Habiburokhman Menegaskan Tidak Ada Penyalahgunaan UU ITE sebagai “Pasal Karet”

Habiburokhman Menegaskan Tidak Ada Penyalahgunaan UU ITE sebagai “Pasal Karet”

JAKARTA, Fraksigerindra.id — Wakil Ketua Komisi III DPR RI Habiburokhman menegaskan, dalam Undang-Undang Informasi dan Transaksi Elektronik (UU ITE) tidak akan ada lagi ‘pasal karet’ yang digunakan untuk menjerat kelompok atau golongan yang berbeda pendapat dengan penguasa. Menurutnya setelah direvisi, UU ITE yang mengatur tentang informasi yang menimbulkan kebencian dijelaskan secara jelas dan spesifik.

“Ada aturan yang lebih spesifik dan jelas, sehingga tidak ada lagi ketentuan karet dalam pasal tersebut, jadi ukurannya jelas. Sehingga pasal ini semoga tidak lagi bisa digunakan untuk menjerat orang yang berbeda pendapat dengan penguasa,” jelas Habib, Selasa (12/12/2023).

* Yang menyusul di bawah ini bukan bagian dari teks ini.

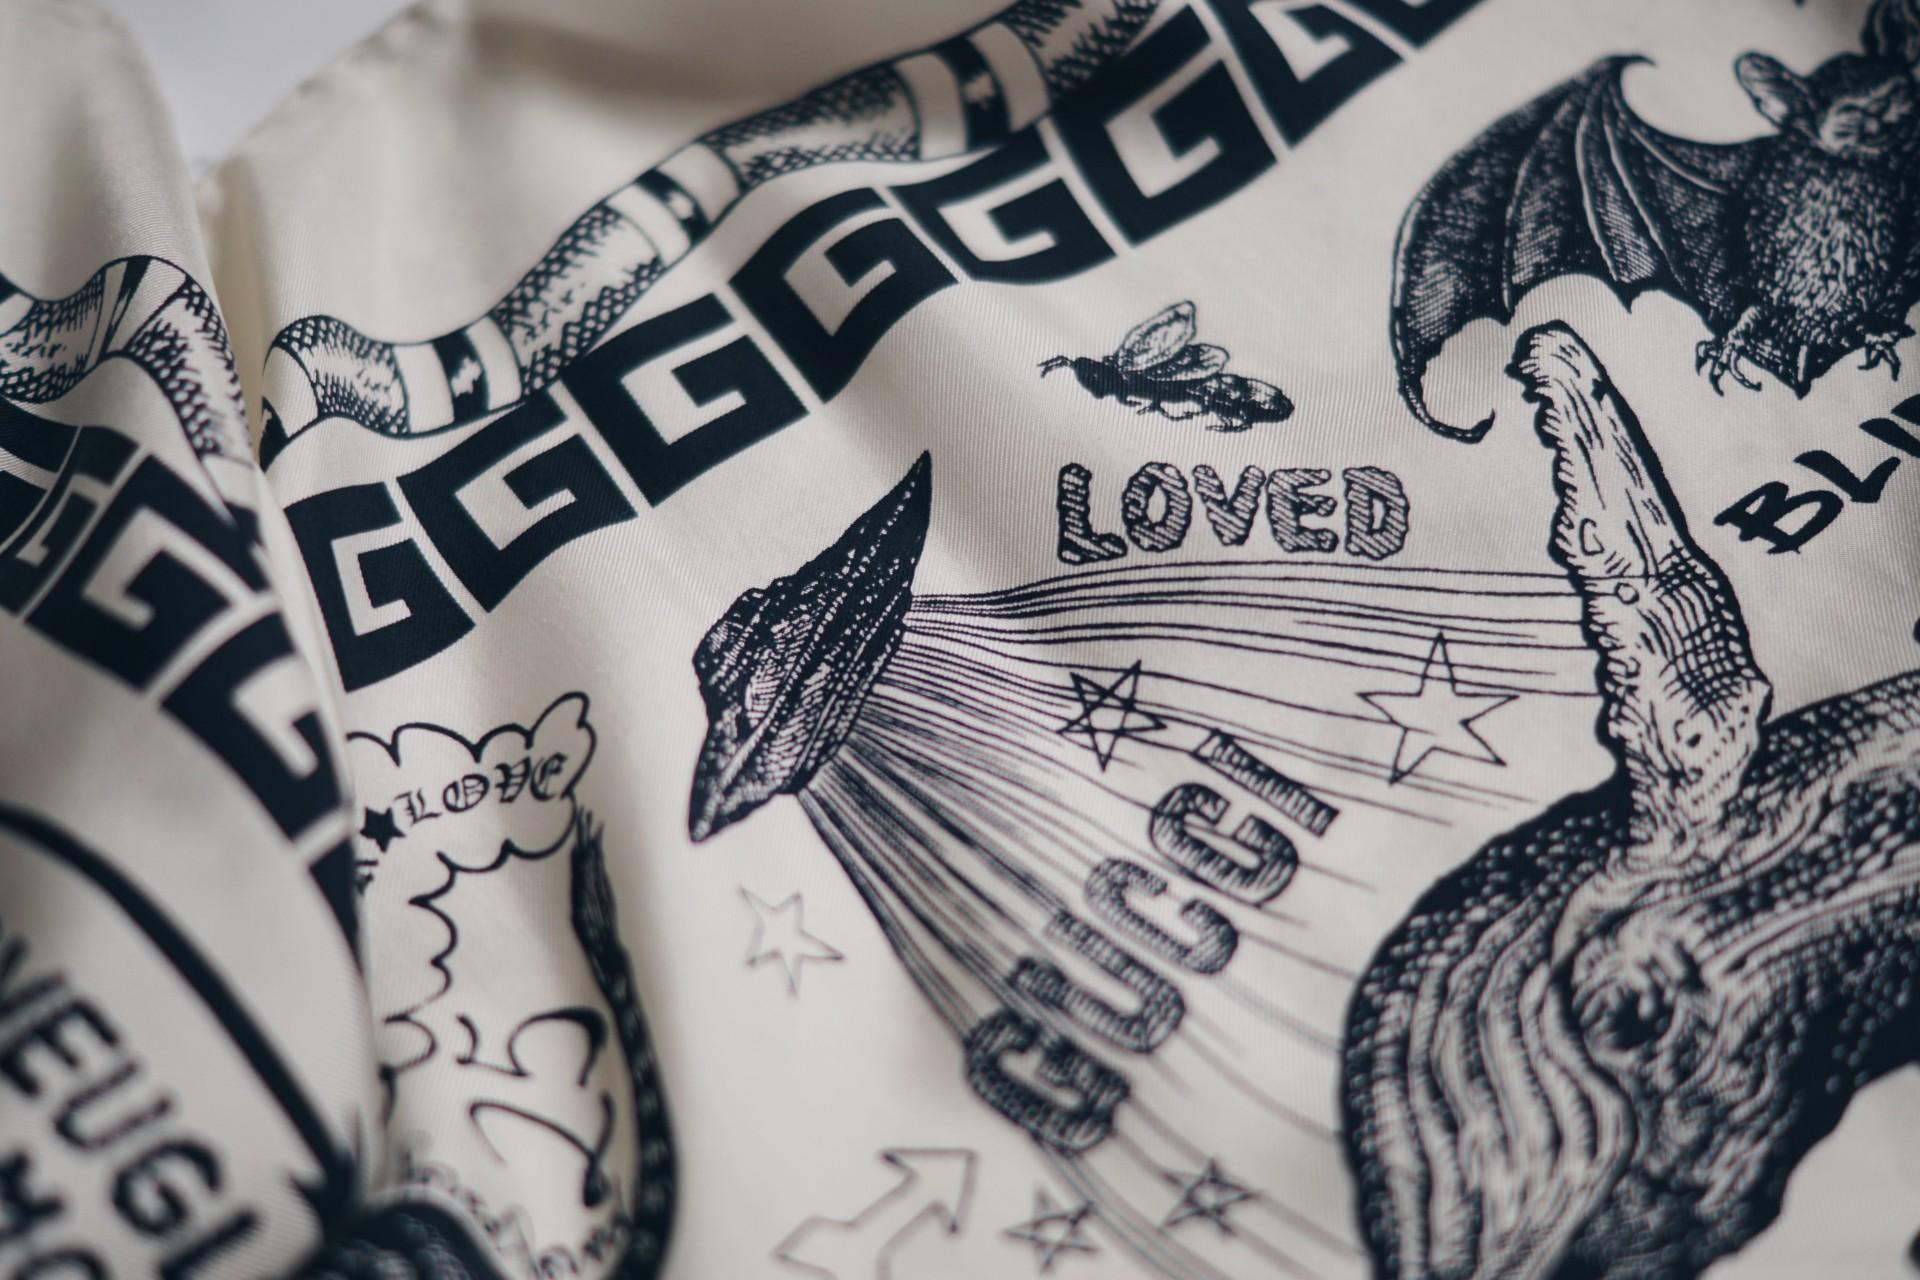 gucci_dbkstylez_blind_for_love_silk_scarf_spring_collection18

Pernyataan tersebut dia ungkapkan saat acara Diskusi Forum Legislasi dengan tema ‘Revisi UU ITE Disahkan, Upaya Perkuat Sistem Keamanan Transaksi Elektronik’ Acara ini terselenggara atas kerjasama Biro Pemberitaan Parlemen dengan Koordinatoriat Wartawan Parlemen.

Politisi Fraksi Partai Gerindra ini menjelaskan, bahwa UU ITE yang telah disahkan DPR RI bersama dengan Pemerintah merupakan wujud kehadiran negara melindungi warganya dalam transaksi elektronik. “Negara bisa hadir lebih cepat membantu masyarakat yang menjadi korban tindak pidana transaksi elektronik,” ungkap Habib.

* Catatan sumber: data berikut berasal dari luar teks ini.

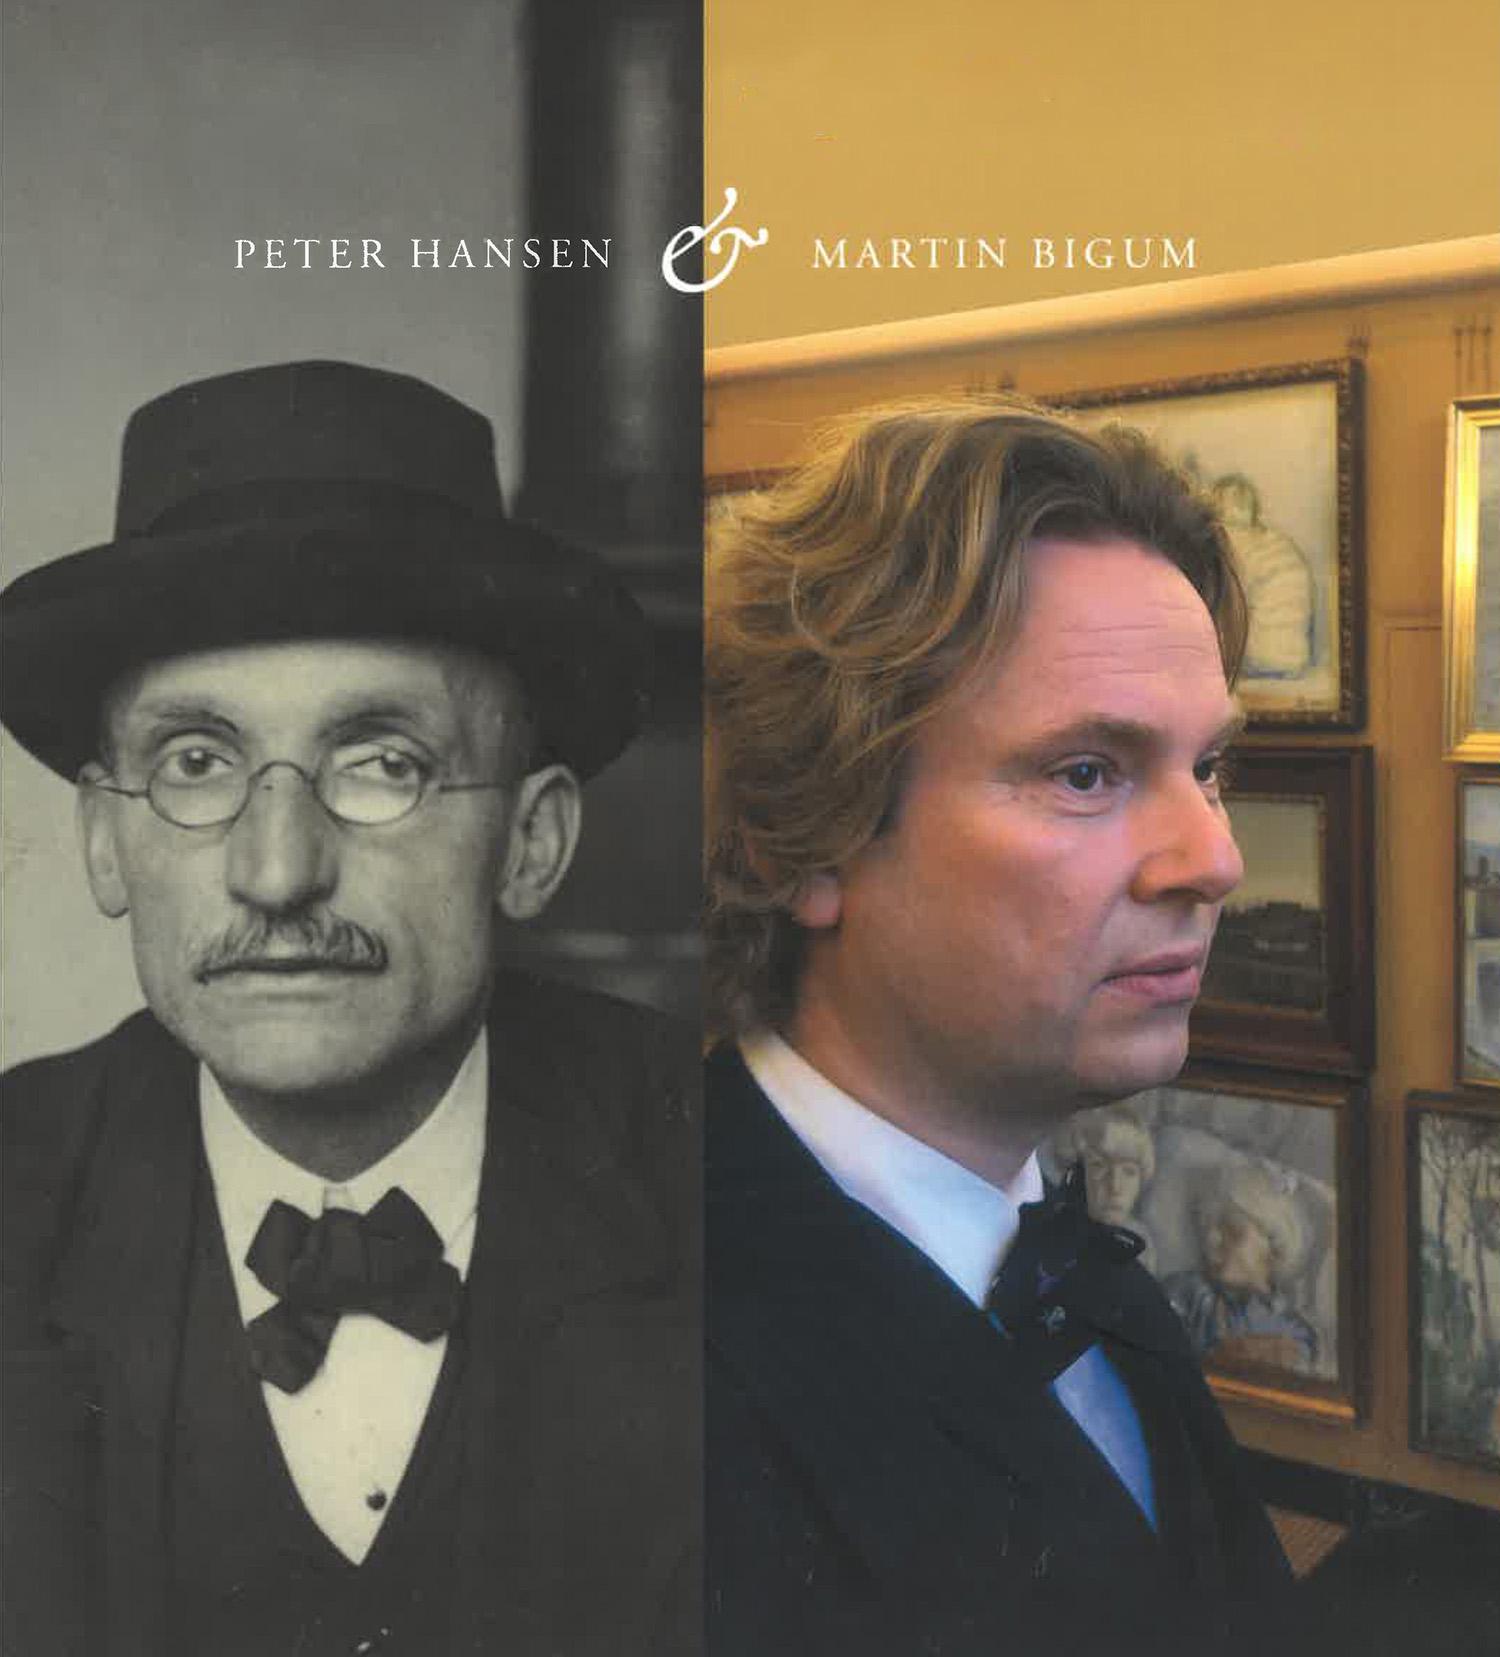 Peter Hansen & Martin Bigum

Dia menjabarkan, sebelumnya banyak regulasi yang mempersulit penindakan tersebut. Habib pun berharap agar pemerintah bisa merespon cepat untuk membuat aturan turunannya, berupa Peraturan Pemerintah (PP). “Saya pikir ke depan kita tinggal menunggu peraturan pemerintahnya diterbitkan, agar apa yang diatur di dalam undang-undang ini bisa dieksekusi,” harapnya.

Habib memperinci, ada dua pasal yang tidak terkait langsung dengan transaksi elektronik, di antaranya soal pencemaran nama baik dalam Pasal 27, dan penyampaian informasi yang menimbulkan kebencian berbasiskan suku, agama, ras, etnis, dan sebagainya. “Itu dua revisi yang menurut kami sangat positif,” ujar Habib.

Dia mengungkapkan, Pasal 27 sudah dua kali direvisi pada 2016, hukuman di atas lima tahun menjadi empat tahun, bahkan sekarang menjadi dua tahun. “Jadi orang yang dibidik dengan pasal ini tidak bisa dikenakan penahanan sebelum vonis. Yang kedua Pasal 28, suku, agama, ras, dan antar golongan diperbaiki. Golongannya dibuat lebih spesifik dan jelas,” jelas Habib.